The reasoning behind my theory of it being related to backlog is that its behaviour is highly dependant on both the OS and how the OS is configured. Since the backlog is a queueing mechanism along with the fact some OS's can process requests faster than others, you can get differing behaviour (i.e. if something is processed faster than the next request). Normally with a high enough value (i.e. the default which is 50) this is a non issue in practice however with it currently being set to 1 essentially this is locking the server/client to only have one connection at a time, if there happens to be an extra connection made and the current one is not resolved then you get the java.net.ConnectException: Connection refused: connect from the client.

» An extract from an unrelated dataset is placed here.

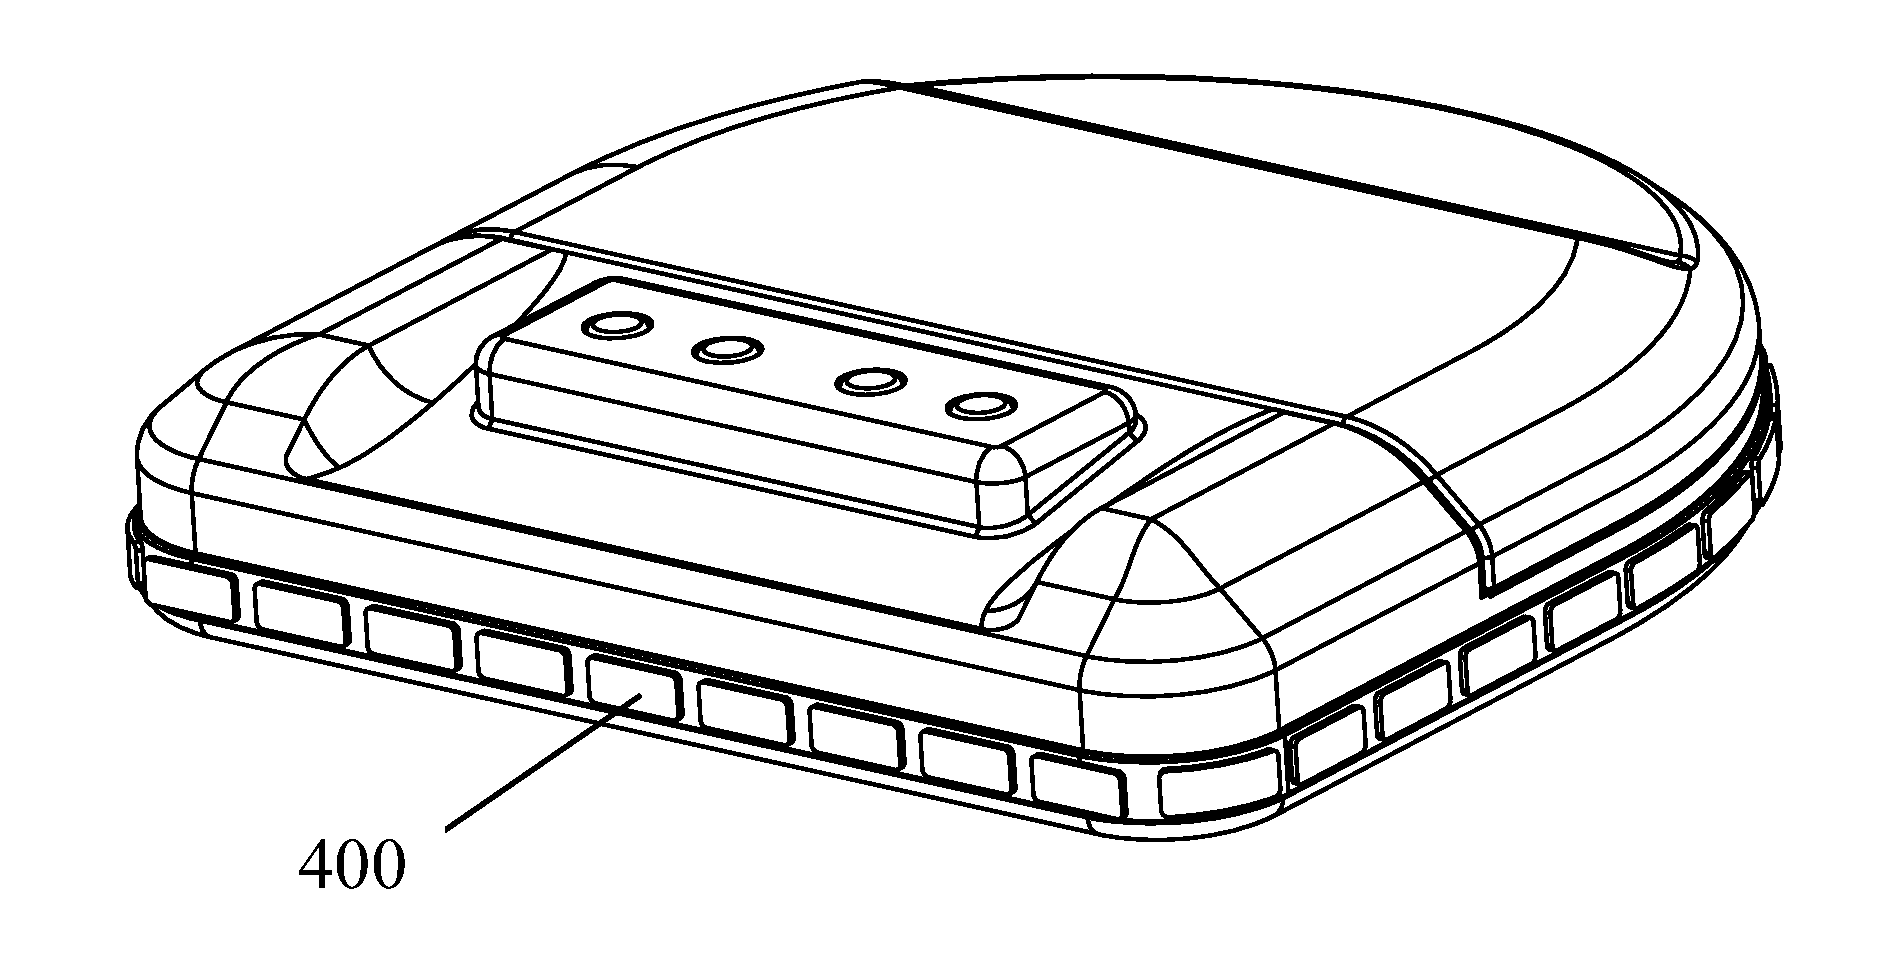 Bumper Structure for an Automatic Moving Device

One of the differences between OS's which I have been able to deterministically confirm is that for a backlog value of x, Windows actually only is able to process x - 1 connections at once where as *nix systems can process x number of connections but ONLY for very low values of x (i.e. 1 which is what it is currently). This alone doesn't explain the scripted test failures because on my Windows desktop the sbt-github-actions scripted tests still pass however if we account for the fact that the windows-latest CI machines are much slower and/or they are configured differently plus the recursive createServer call filling up the backlog this can then explain why scripted tests are failing. So with all of this combined this is my currently most plausible explanation as to why the sbt scripted tests are just failing on windows-latest CI image, you can see the result of these findings at #7084.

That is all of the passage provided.